Patient factors
Anatomical features
Stone features
Obesity
Solitary kidney
Overall stone burden/size
Coagulopathy
Horseshoe kidney
Stone composition
Comorbidities
Ectopic kidney
Hounsfield unit (HU) density
Pregnancy
Lower pole stone
SWL resistance
Renal insufficiency
Skin-to-stone distance
Coexisting ureteral stones
Several studies have shown that ureteroscopy is safe and efficacious in the pediatric population, with comparable stone-free rates and complications when compared to the adult population [13, 20–22]. Treatment decision should consider the child’s size and genitourinary tract anatomy. If the available ureteroscope will not accommodate the small diameter of the pediatric urethra or ureter, then a less-invasive approach with SWL would be favored.
Ureteroscopy is safe during pregnancy if patients fail conservative management of an obstructing ureteral stone [23, 24]. The holmium:YAG laser is the intracorporeal lithotripter of choice and has proven to be safe to be utilized on pregnant patients. Ultrasound may be used rather than fluoroscopy during treatment if trained personnel are available. Other approaches to reduce radiation exposure to the fetus include direct visualization without fluoroscopy and low-dose fluoroscopy with the use of an Xray shield under the pelvis to protect the fetus if the radiation source comes from underneath, as with most C-arm machines. When making treatment decisions, it is important to consider that pregnancy is associated with hypercalciuria and accelerated encrustation of stents/nephrostomy tubes; therefore, exchanges may need to be every 4–8 weeks. The most favorable timing for surgical intervention is during the second trimester. The first trimester carries increased risk to the fetus, and the third trimester can be more technically challenging due to the patient’s habitus. SWL and PCNL are contraindicated during pregnancy.

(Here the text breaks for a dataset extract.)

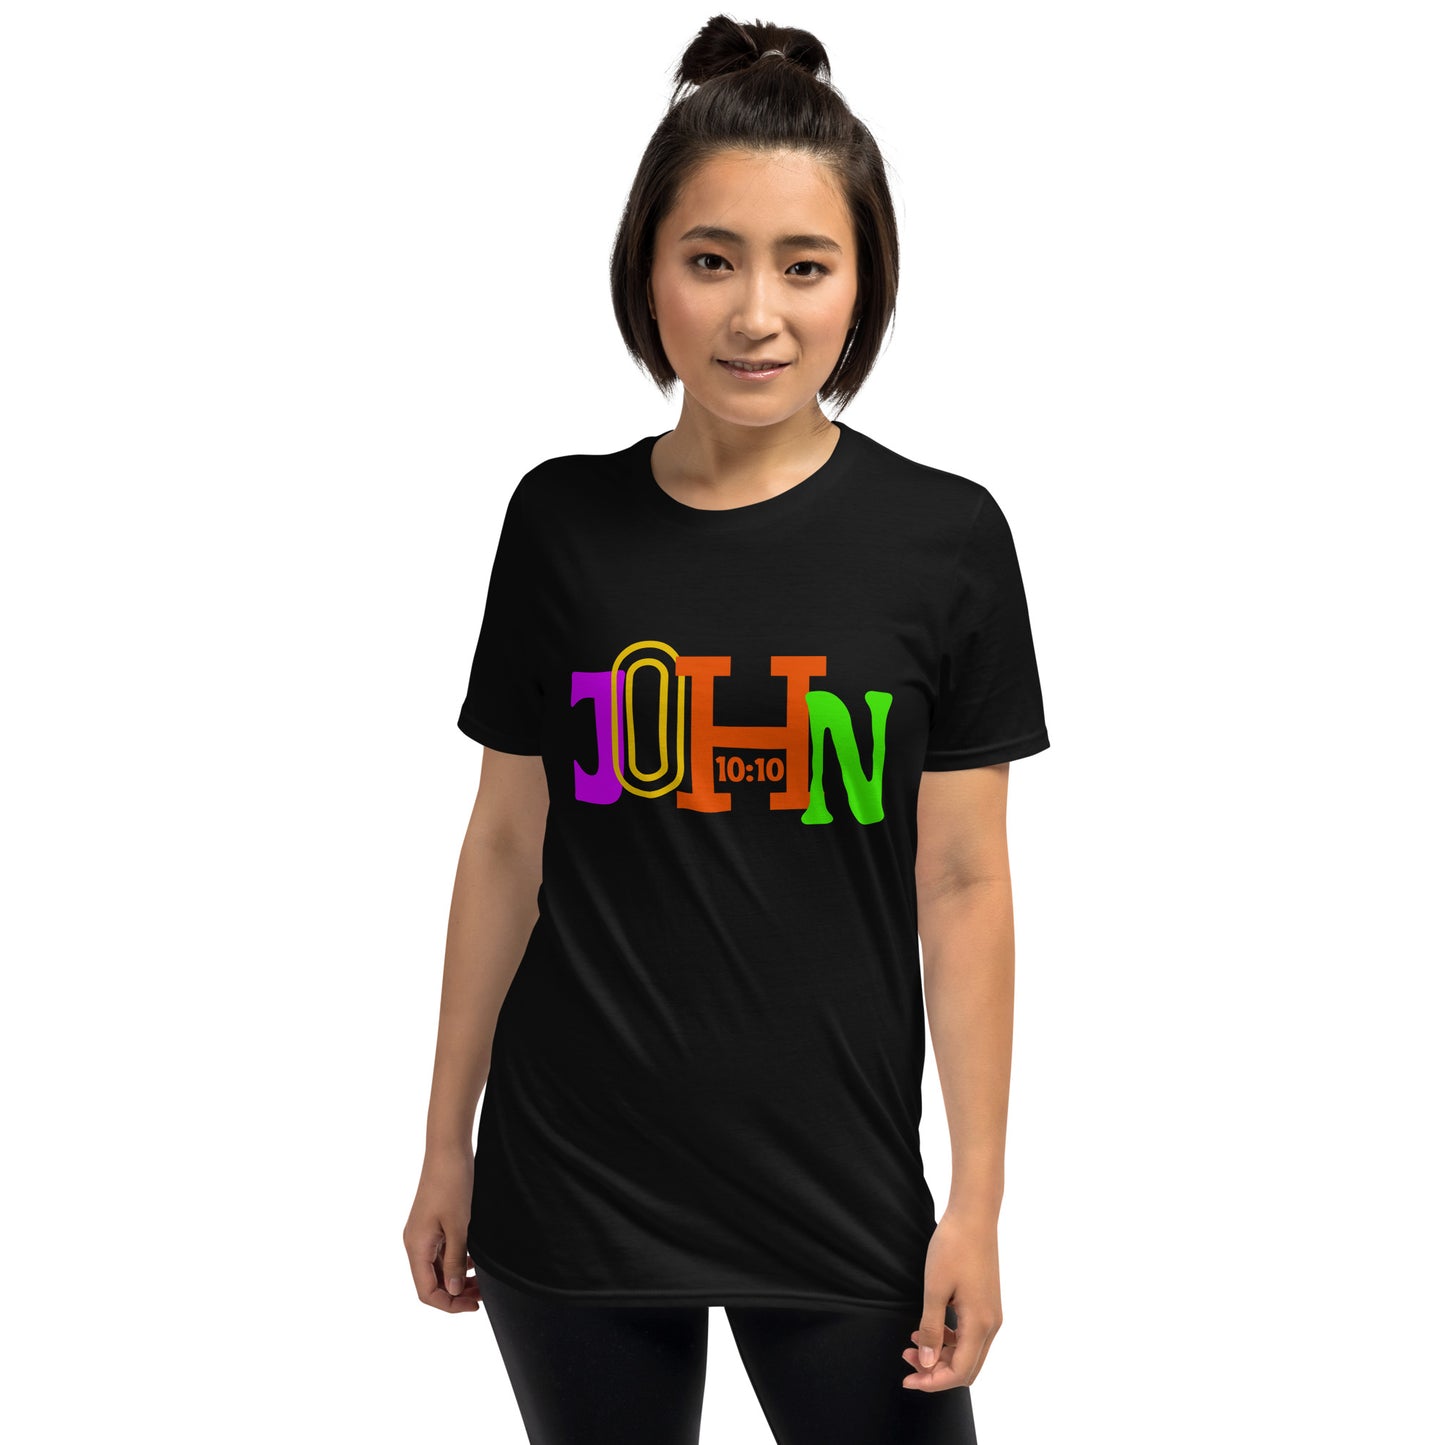 JOHN 10:10 Short-Sleeve Unisex T-Shirt

Patients with coagulopathy or on anticoagulation medication are poor candidates for both SWL and PCNL due to increased bleeding risk. Watterson et al. showed that ureteroscopy with holmium:YAG laser lithotripsy is safe for this patient population without correcting coagulopathies or cessation of anticoagulation medications preoperatively [25]. Electrohydraulic lithotripsy (EHL) has a higher rate of mucosal damage and is not recommended for use in this population. Similar stone-free rates and intraoperative and postoperative complications have been reported when compared to patients with normal coagulation [25]. In patients who are anticoagulated, we have noticed an increased likelihood of perirenal bleeding postoperatively, likely secondary to guidewire perforation. In these patients, using a wireless access may be a favorable approach.

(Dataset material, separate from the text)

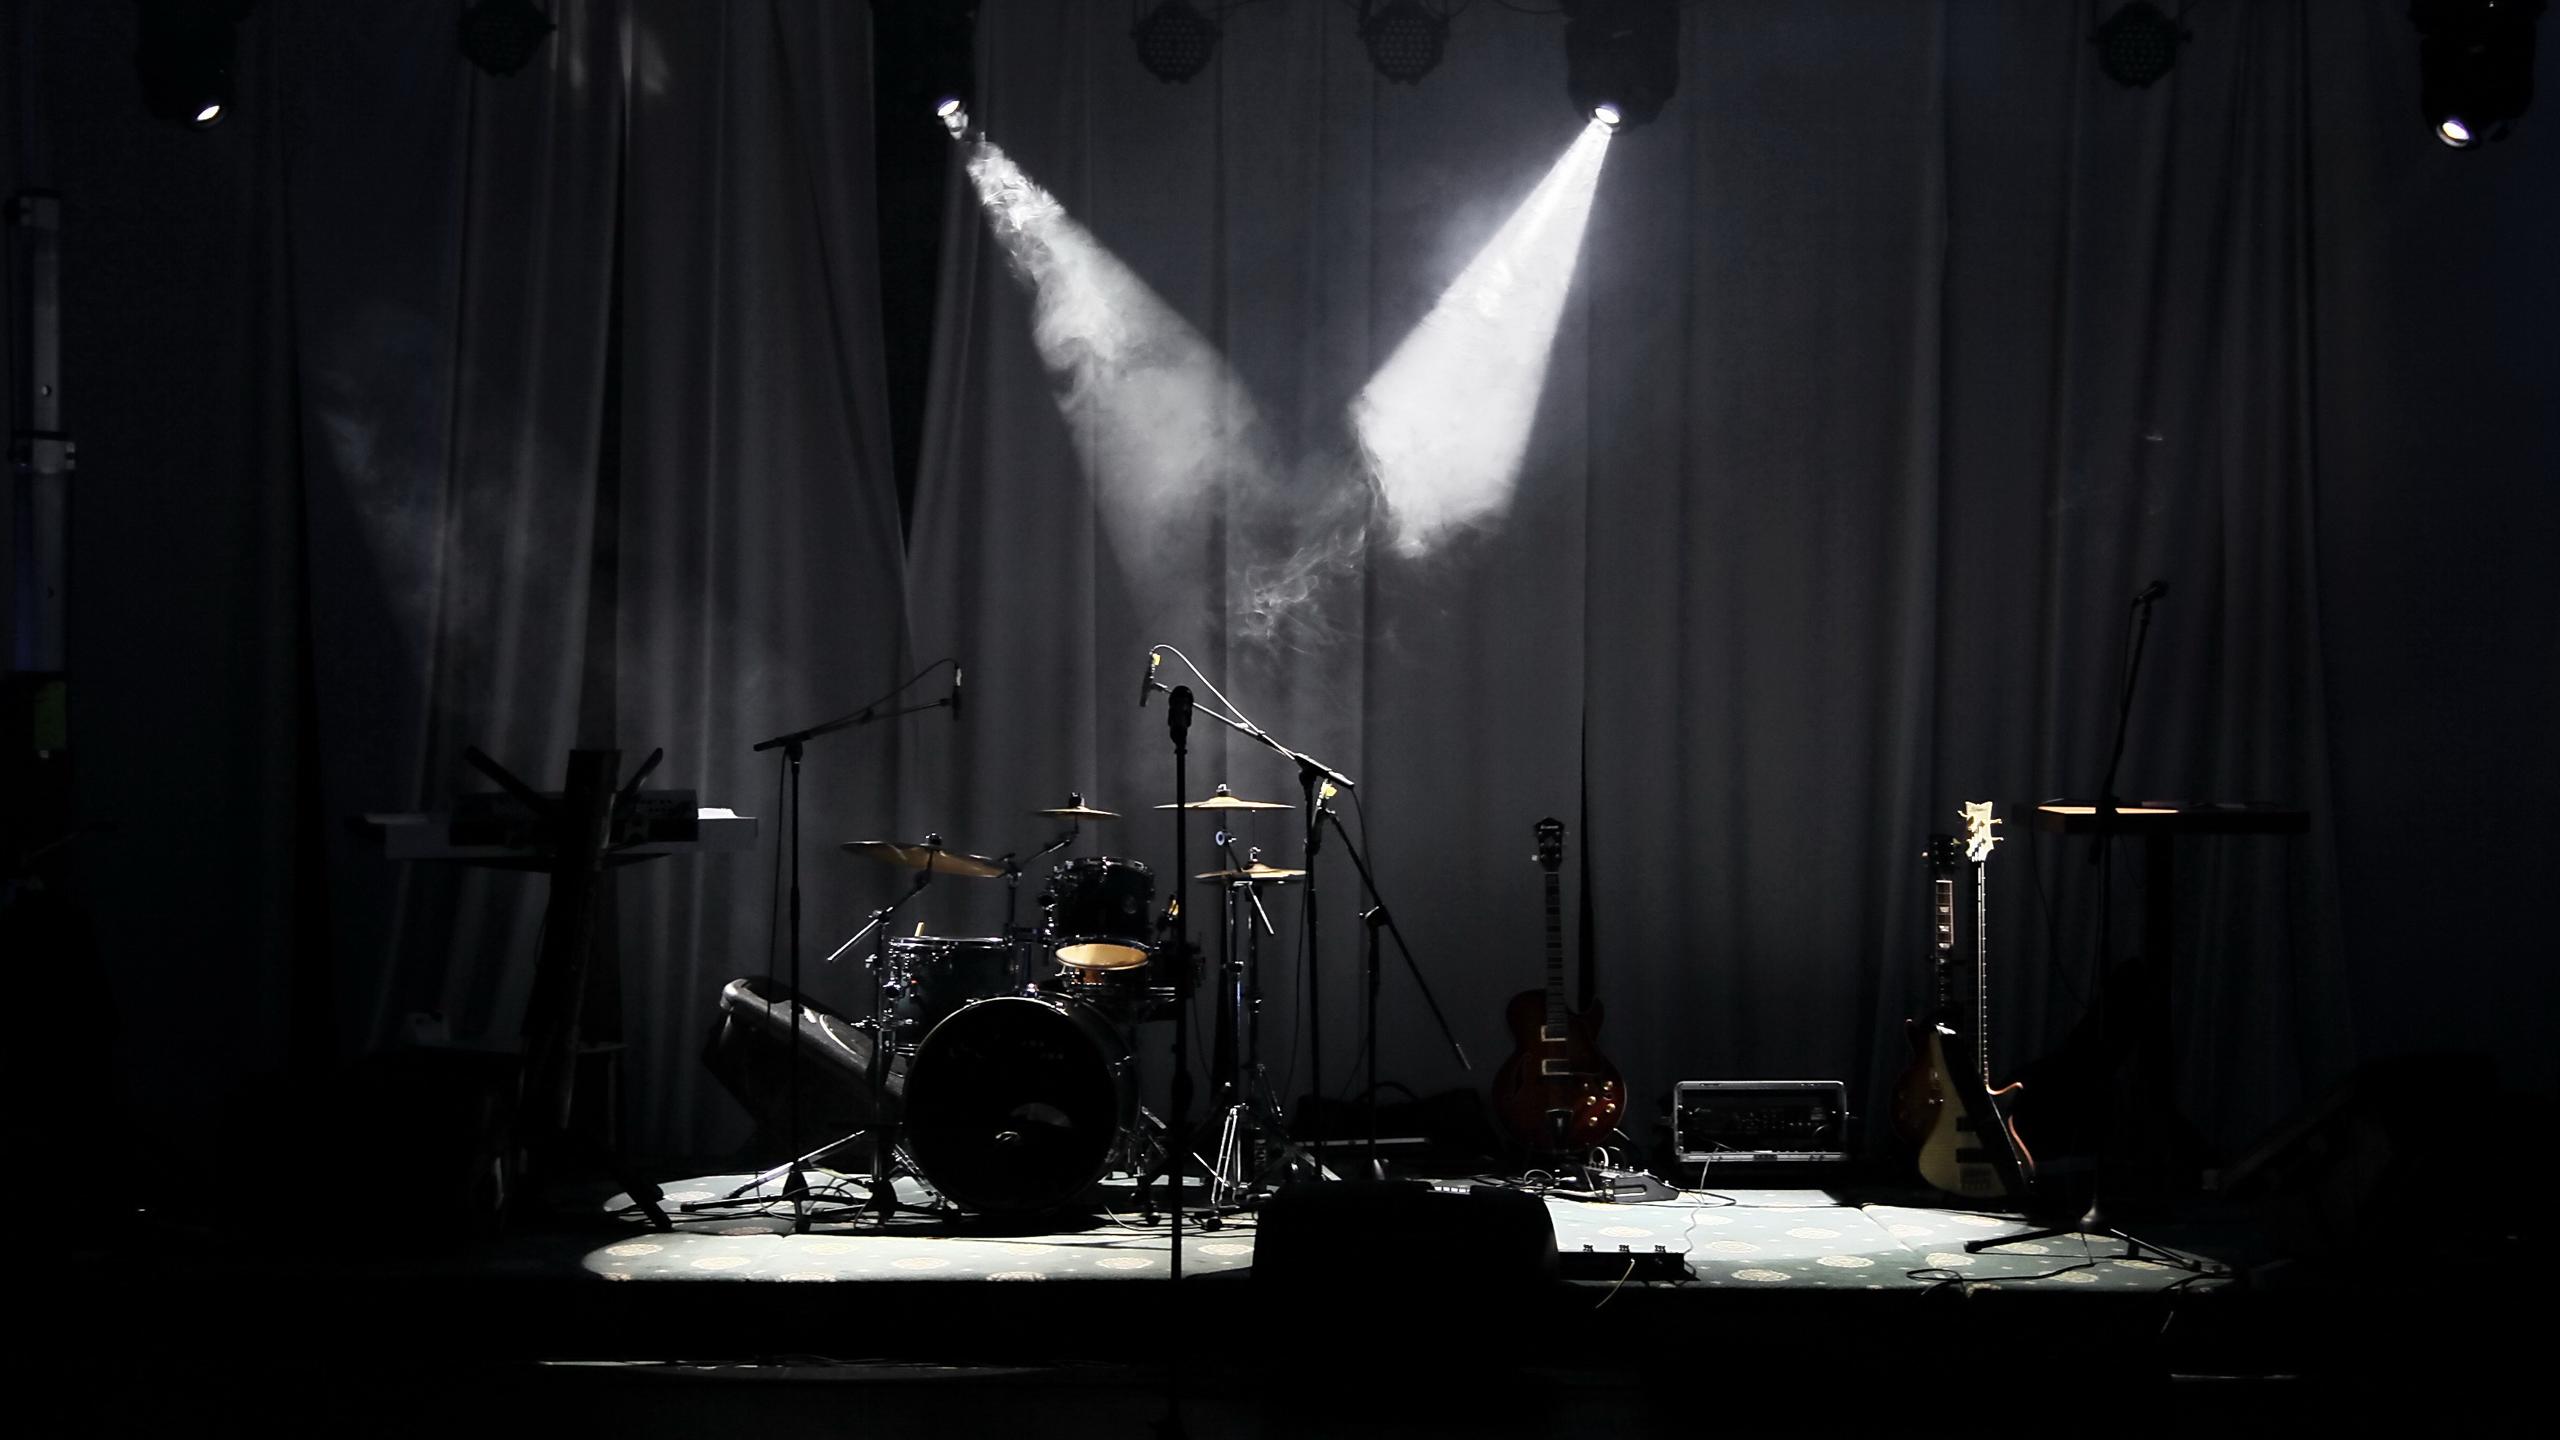 Scene музыка. Рок-сцена. Сцена рок концерта. Пустая сцена рок концерта. Музыкальные инструменты на сцене.

Body habitus is an important factor when deciding treatment modality, given that both SWL and PCNL have limitations in patients who are obese [26]. It is known that patients with large skin-to-stone distances (SSD) have poorer outcomes with SWL [27, 28] Pareek et al. found that SWL in patients with an SSD greater than 10 cm is likely to fail [27]. For PCNL, limitations include length of access sheath and instrumentation, as well as anesthetic risk in the prone position. URS can be safely performed in obese patients since stone-to-skin distance is not an indicator of success and studies have proven it to be efficacious [29, 30].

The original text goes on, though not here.